A portion of our income is, and likely will continue to be, generated by the investment of our capital, premiums and loss reserves. The amount of income so generated is a function of our investment policy, available investment opportunities and the amount of available cash invested. We are also constrained by investment limitations required by our state insurance regulators. At December 31, 2018, approximately 68% of our total investments, cash and cash equivalents was invested in fixed-maturity and equity securities. We may, under certain circumstances, be required to liquidate our investments in securities at prices below book value, which may adversely affect our financial results. We currently hold all of our cash in accounts with four financial institutions and, as a result of this concentration, a portion of the balances in such accounts exceeds the FDIC insurance limits. While we monitor and adjust the balances in our accounts as appropriate, these balances could be impacted if any of these financial institutions fail and could be subject to other adverse conditions in the financial markets.
We may alter our investment policy to accept higher levels of risk with the expectation of higher returns. Fluctuating interest rates and other economic factors make it impossible to estimate accurately the amount of investment income that will be realized. In fact, we may realize losses on our investments.
The effects of emerging claim and coverage issues on our business are uncertain.
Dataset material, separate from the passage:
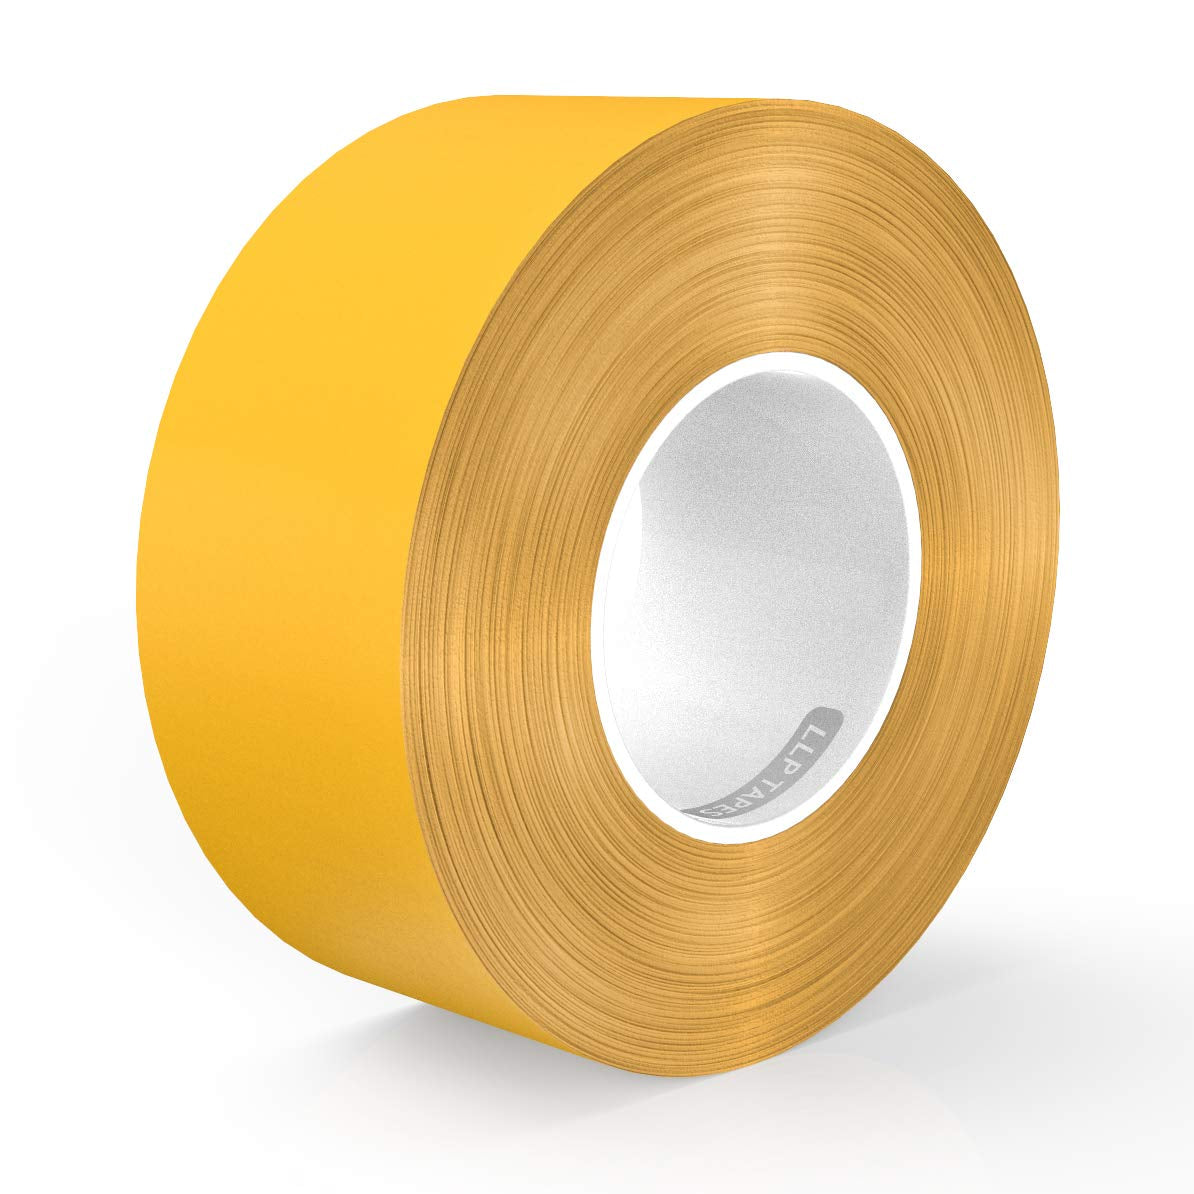 LLPT, LLPT Double Sided Tape for Woodworking Template and CNC Removable Residue Free 108 Feet Multiple Sizes (WT258)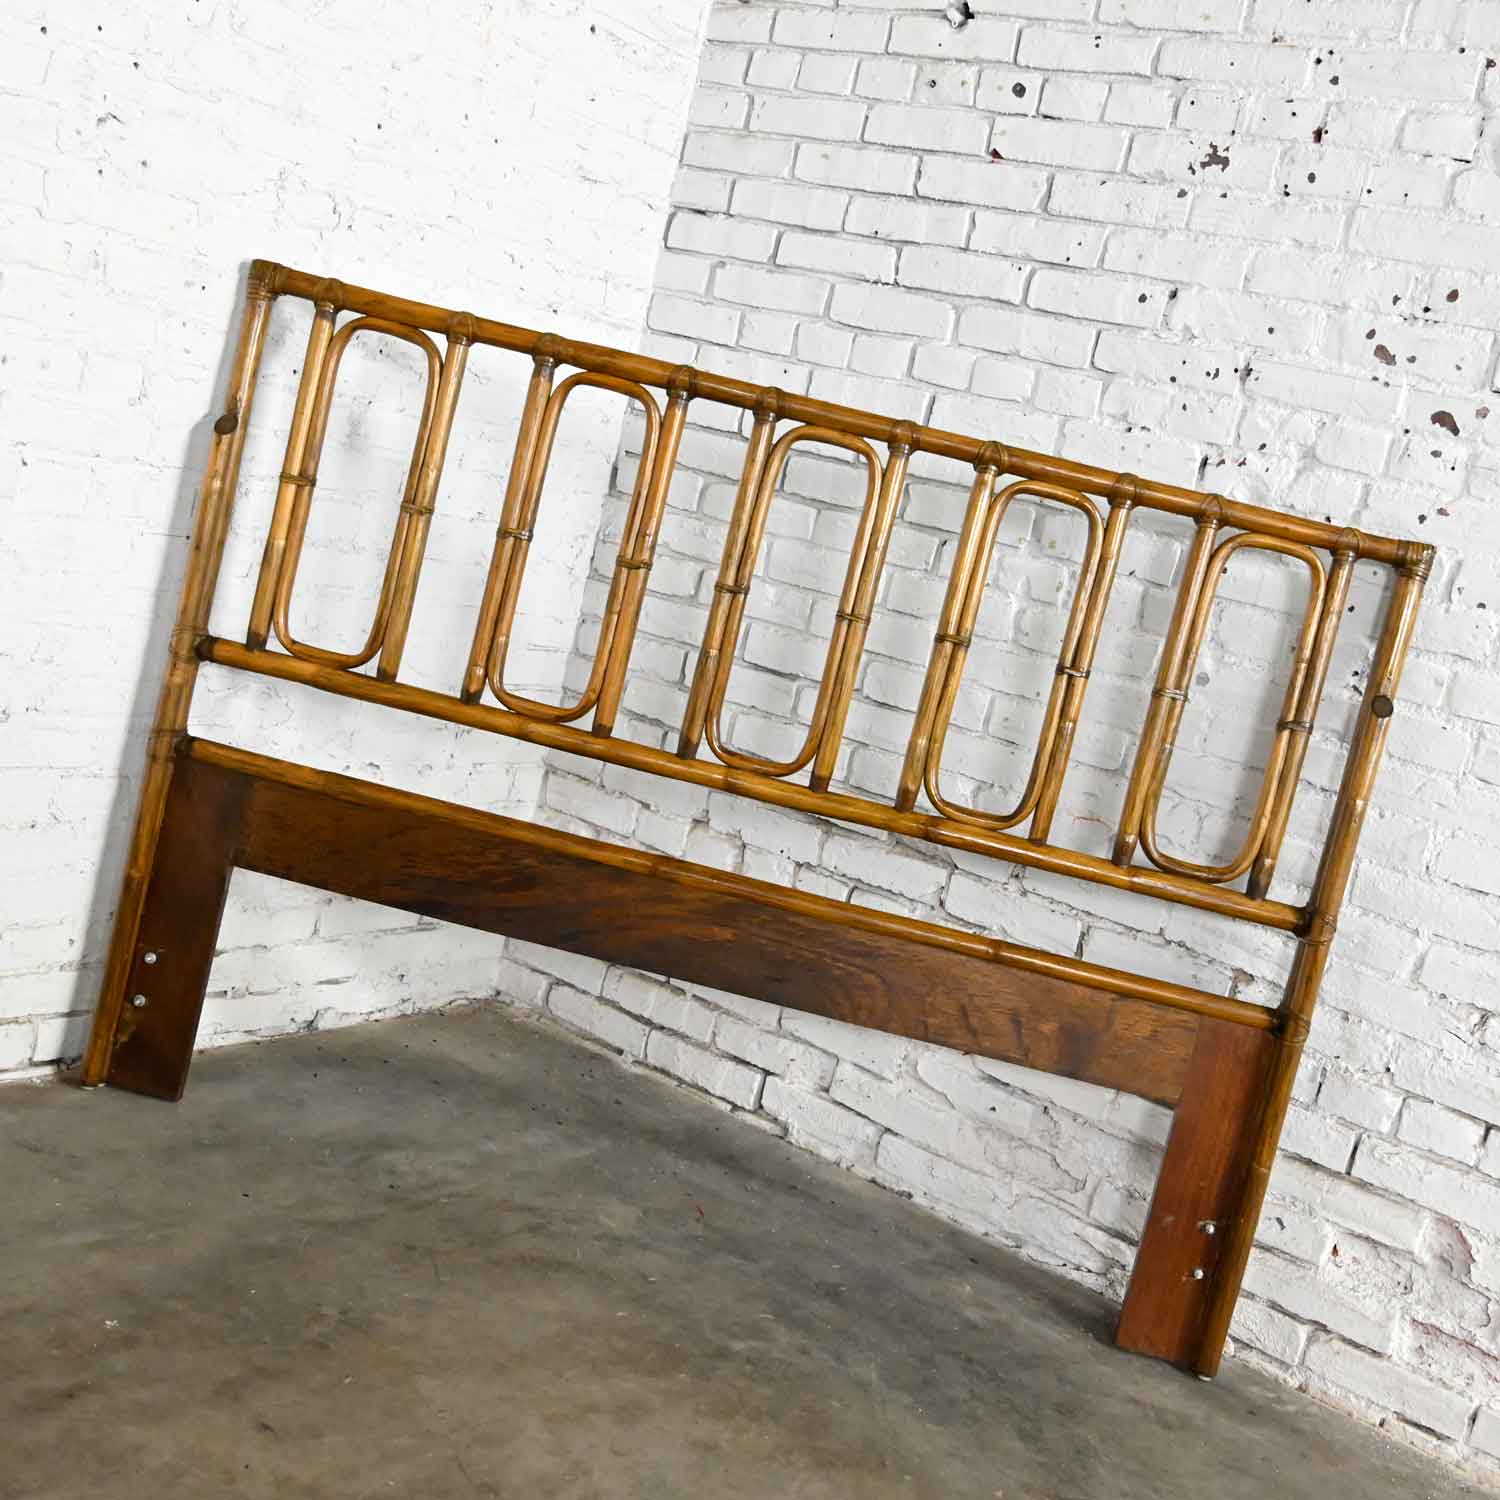 Vintage Campaign or Chinoiserie Style Rattan Queen Headboard by McGuire with Leather Wrap

Loss frequency and severity in the property and casualty insurance industry in general and for our multi-peril personal lines business has continued to increase in recent years, principally driven by litigation and AOB in the State of Florida. Winter storms in the northeastern United States and hurricane activity have also affected losses incurred. In addition, many legal actions and proceedings have been brought on behalf of classes of complainants, which can increase the size of judgments. The propensity of policyholders and third-party claimants to litigate and the willingness of courts to expand causes of loss and the size of awards may render the loss reserves of our insurance subsidiaries inadequate for current and future losses. In addition, as industry practices and social and other environmental conditions change, unexpected and unintended issues related to claims and coverage may emerge. These issues may adversely affect our business by either extending coverage beyond our underwriting intent or by increasing the number or size of claims. In some instances, these changes may not become apparent until sometime after we have issued insurance policies that are affected by the changes. As a result, the full extent of liability under our insurance policies may not be known at the time such policies are issued or renewed, and our financial position and results of operations may be adversely affected.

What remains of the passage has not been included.